In Praise of Monica’s Chutzpah

5 minute read

Has Monica Lewinsky been blessed with fame or burdened by notoriety? She regards herself, with good reason, as a victim of notoriety, perhaps the first victim of new, digital media, as well as a target for maternalistic old media scribes. And yet she sought, at least, vicarious fame in seeking a relationship with a very famous man. She may have had a role model in her mother, who published a book hinting that she’d had an affair with Placido Domingo. If the affair was a fantasy, as Domingo claimed, it reflected a perhaps inheritable interest in liaisons with celebrity alpha males. Would Bill Clinton have appealed to Lewinsky if he’d been a gas station attendant? Probably not.

I don’t offer this as criticism of Lewinsky’s character or motives. As I commented on NPR when the affair was all the rage, I would have slept with the president when I was 21 — if he hadn’t been Richard Nixon. You can deride the mutual allure between powerful older men and attractive younger women as a reversion to traditional gender roles, but you can’t deny its resilience, even or especially as women embraced their own sexual liberation. In this context, Clinton didn’t appear to me to be a sexual harasser and Lewinsky, at 21, didn’t seem any more sexually precocious or promiscuous than her female peers. But while many young women would have seized an opportunity to have sex with the president, few would have had the nerve to create one.

Lewinsky was then and remains now distinguished by her chutzpah and a Madonna-like talent for self-promotion. It makes her more interesting and complicated than caricatures of her as either sexual victim or “nutty” and “slutty” aggressor. It also makes it hard to know how to interpret her self-portrait, at 40, in Vanity Fair. Is it a marketing move or a cri de coeur, or both?

No one should take Lewinsky’s testimony and account of her motives in Vanity Fair at face value (one shouldn’t take at face value the presentation of any public figure).
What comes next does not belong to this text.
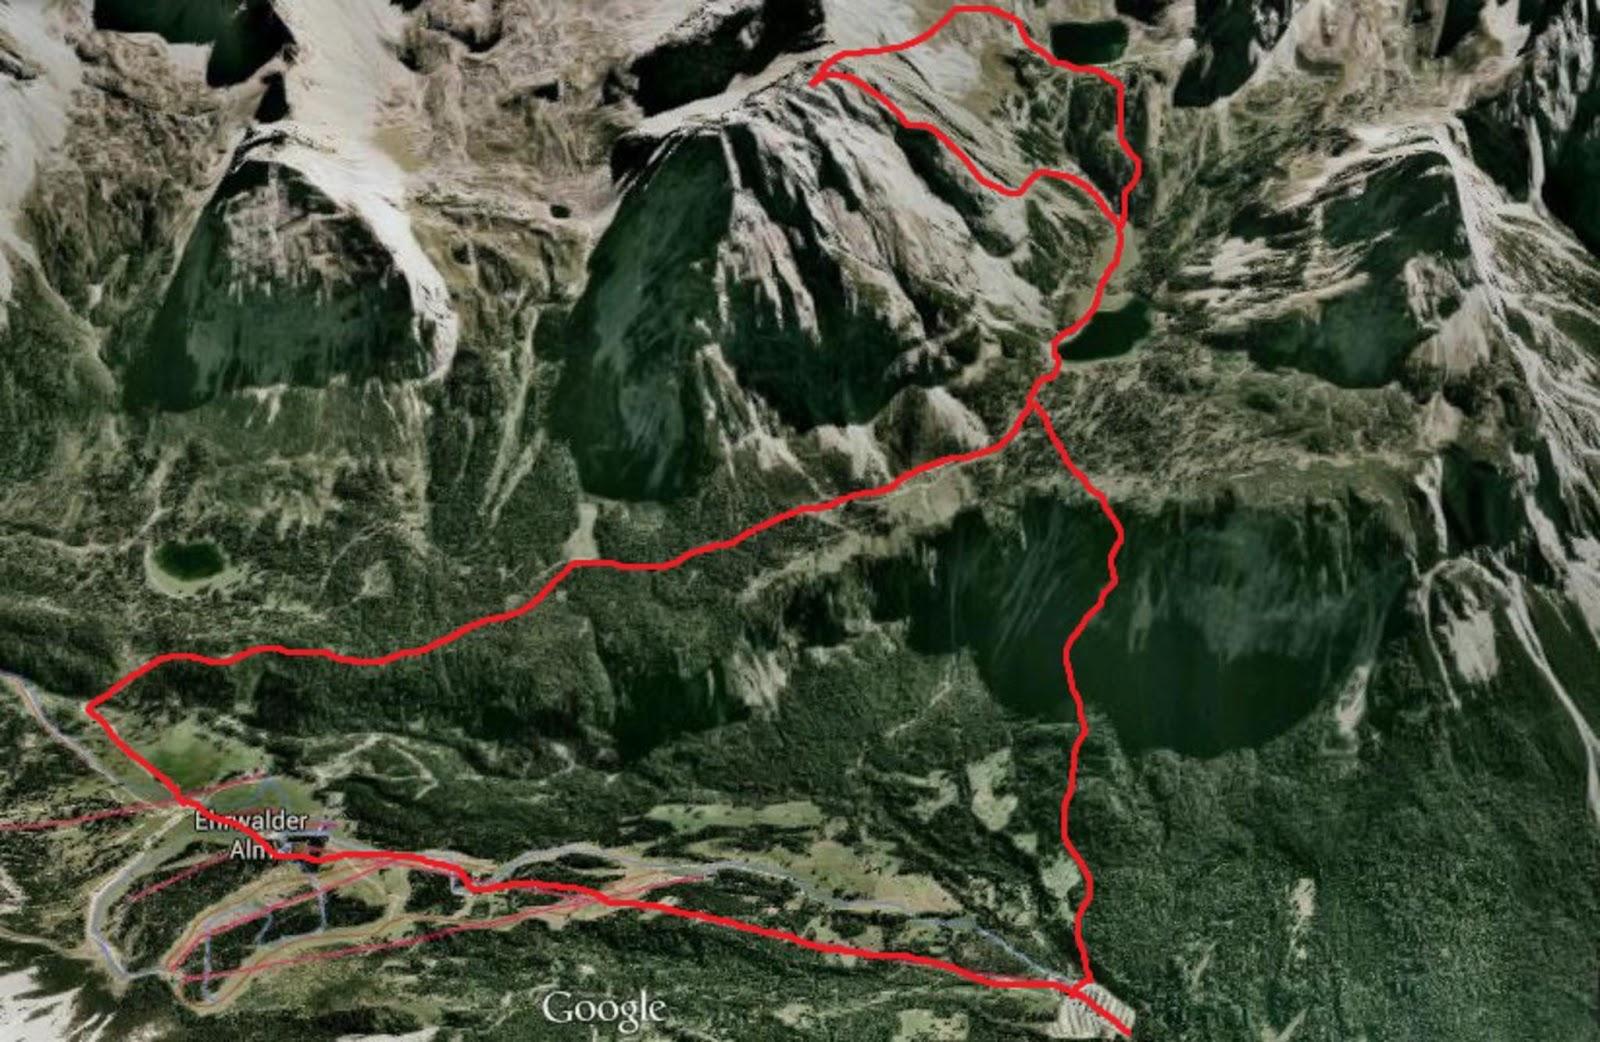 Klettersteig Karte : Rauf gehts tajakante klettersteig d e

Did she really turn down offers in excess of $10 million that “didn’t feel like the right thing to do?” Perhaps. Did they not feel right morally or professionally, or both? Who knows? Maybe she has a sincere, relatively altruistic desire to speak up for victims of Internet bullying, but she also needs a job or consulting gig and a new public persona. Is her identification with Tyler Clementi a bit melodramatic? Yes, but so is her own life story.

Again, I don’t ask these questions to disparage her. We all need serviceable images and incomes, and Lewinsky has a particular need for public rehabilitation. I ask them to point out the difficulties of knowing public figures we’ve never met, although they sometimes feel like active presences in our lives. I ask to underscore the skepticism with which we should read stories by them designed for our consumption.
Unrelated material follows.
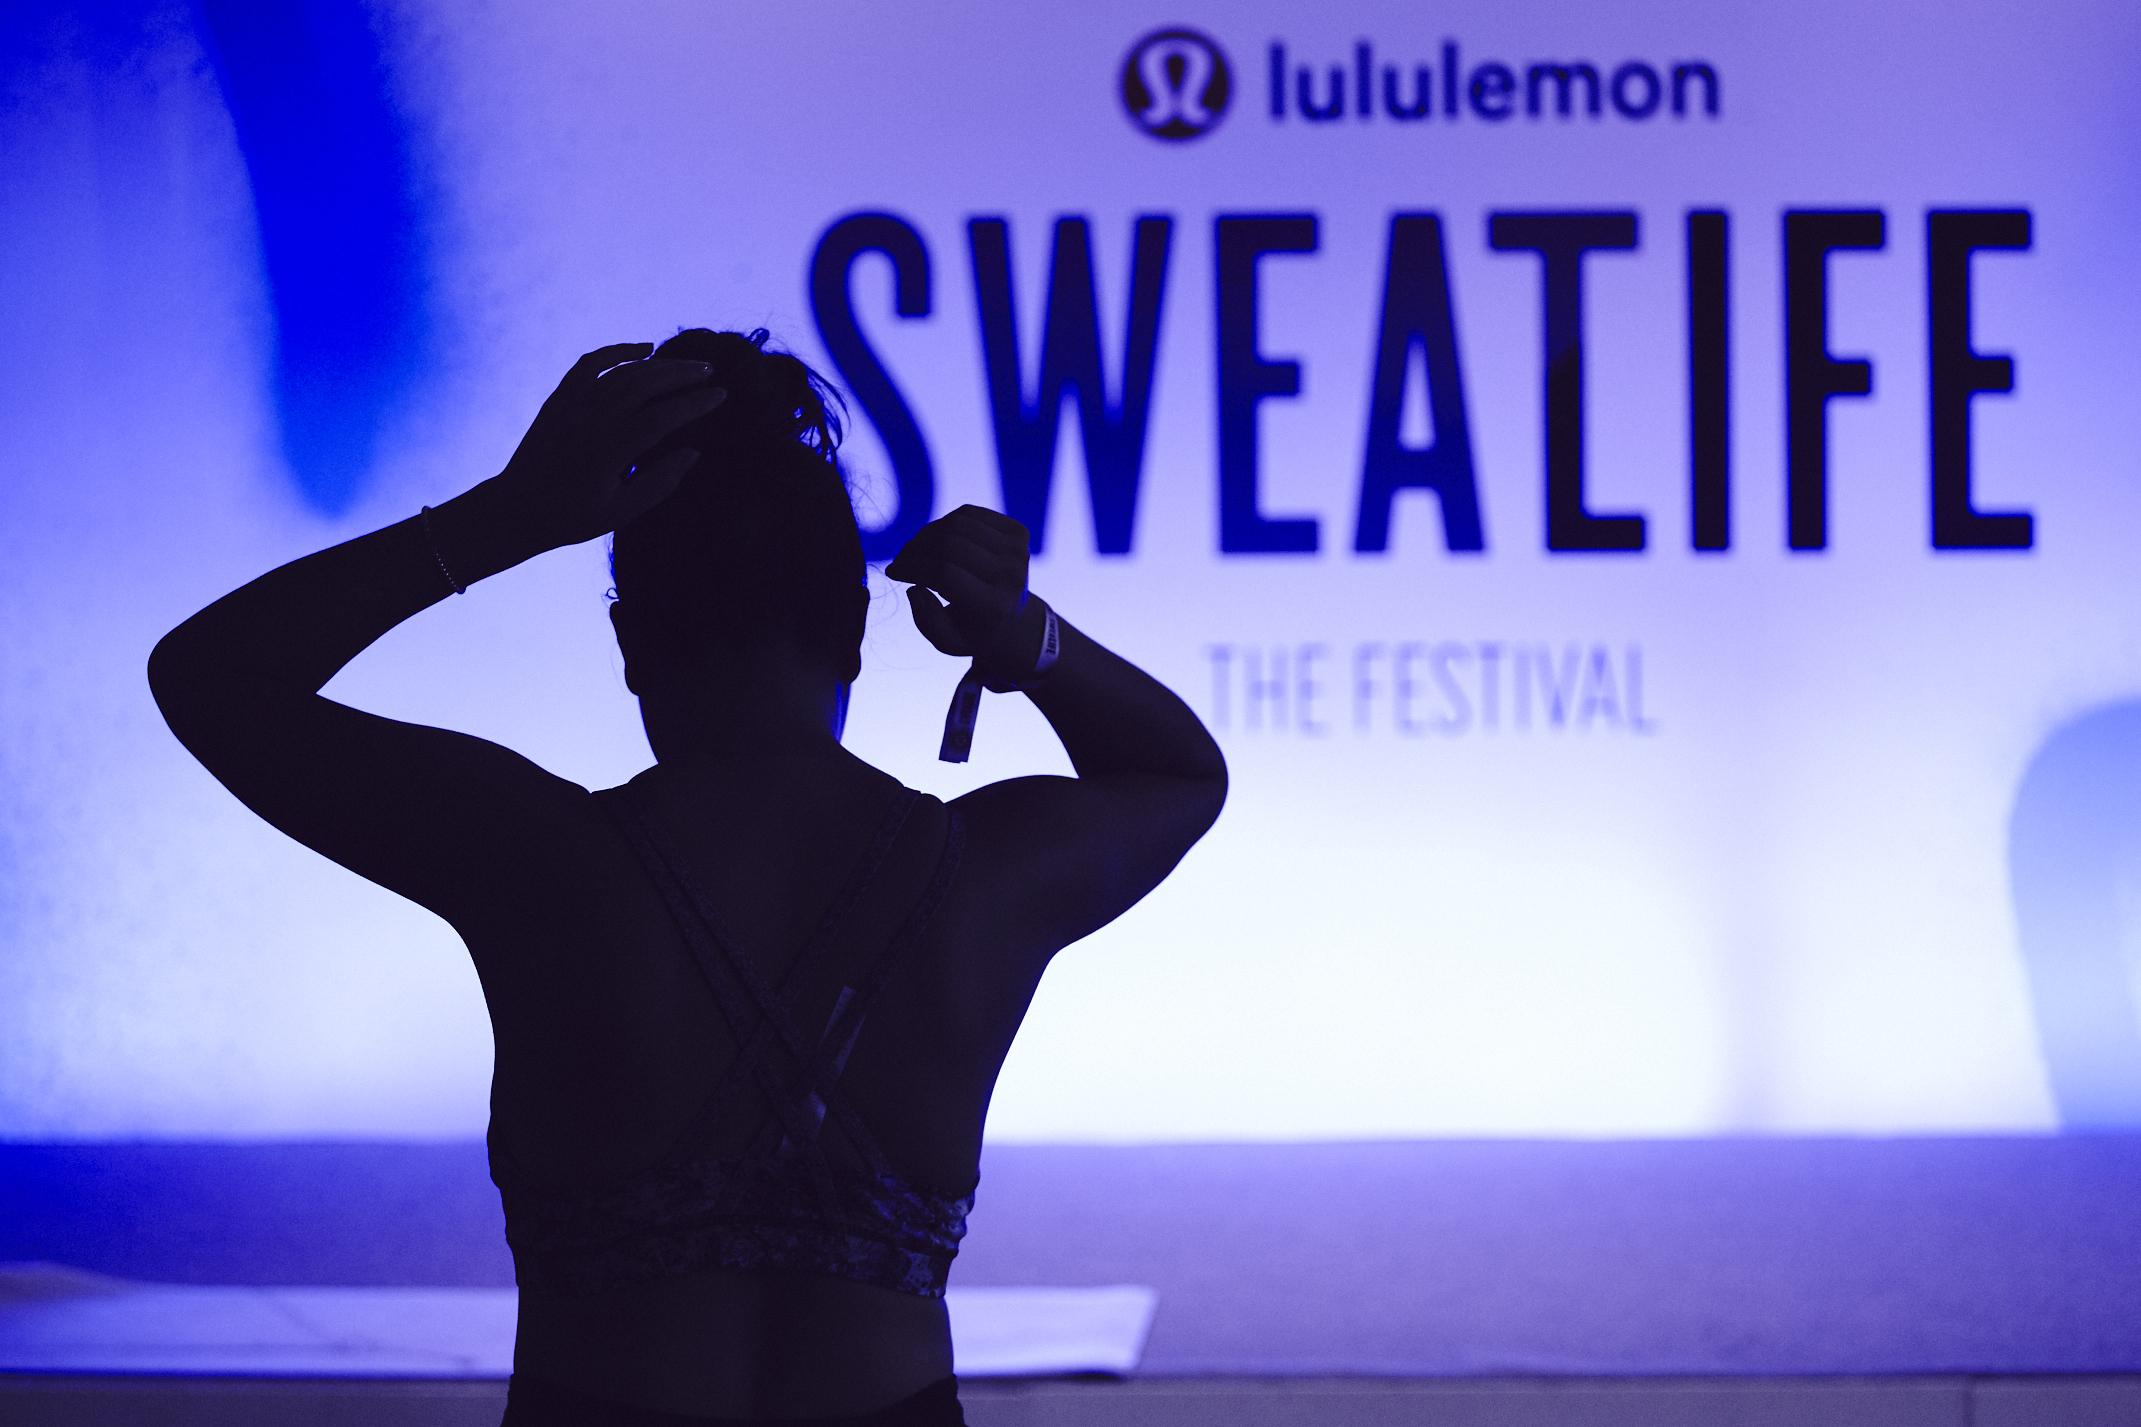 Lululemon's Sweatlife fitness festival

Lewinsky’s tale is told in the clichés of talk shows and pop therapies. She wants to share and care: “Perhaps by sharing my story, I reasoned, I might be able to help others in their darkest moments of humiliation.” She wants to “take back my narrative.” I wish her luck, really, and don’t assume that her use of canned language implies canned emotions. But as she says, she has a clear (understandable) purpose in telling this story, and I suspect she collaborated heavily with an editor or writer in an effort to market it most effectively.

How should we view Monica Lewinsky? It’s complicated. I remember her not just for the sex scandal she ignited, but for her fortitude in standing up to multiple FBI agents and prosecutors. In 1998, they reportedly ambushed and detained her at the Ritz Carlton Hotel in Washington, D.C., denying her access to an attorney and threatening her with felony charges if she didn’t cooperate. (Special Prosecutor Ken Starr disputed this account of the meeting, but to lawyers familiar with prosecutorial tactics, it rang true.) They reportedly wanted her to wear a wire, but she refused. Good for her. Maybe she was stronger than she appeared. Maybe she was buoyed by the chutzpah that enabled her encounters with the president or a sense of grandeur the affair bestowed. In any case, most 21 year olds, I suspect, would have caved.

How do we understand Monica Lewinsky? Only a few intentional or accidental celebrities can know what it’s like to be thrust into a harsh national and international spotlight at 21. Maybe Chelsea Clinton, subjected to public inspection in her teens, can understand, but I sure can’t imagine the effect of such exaggerated celebrity on your identity or sense of self-importance. Millions of people are paying attention to you, and maybe it’s attention you crave. At the same time, millions of people are mocking you, and you discover that there is, after all, such a thing as bad publicity.

Can Lewinsky succeed in reclaiming her narrative? You can’t blame her for trying, regardless of her motives, which I assume are mixed. Who among us consistently acts with purity of purpose? Monica Lewinsky probably can’t escape her past, so she might as well try to exploit it.

Wendy Kaminer is lawyer and social critic, the author of eight books and a correspondent at The Atlantic.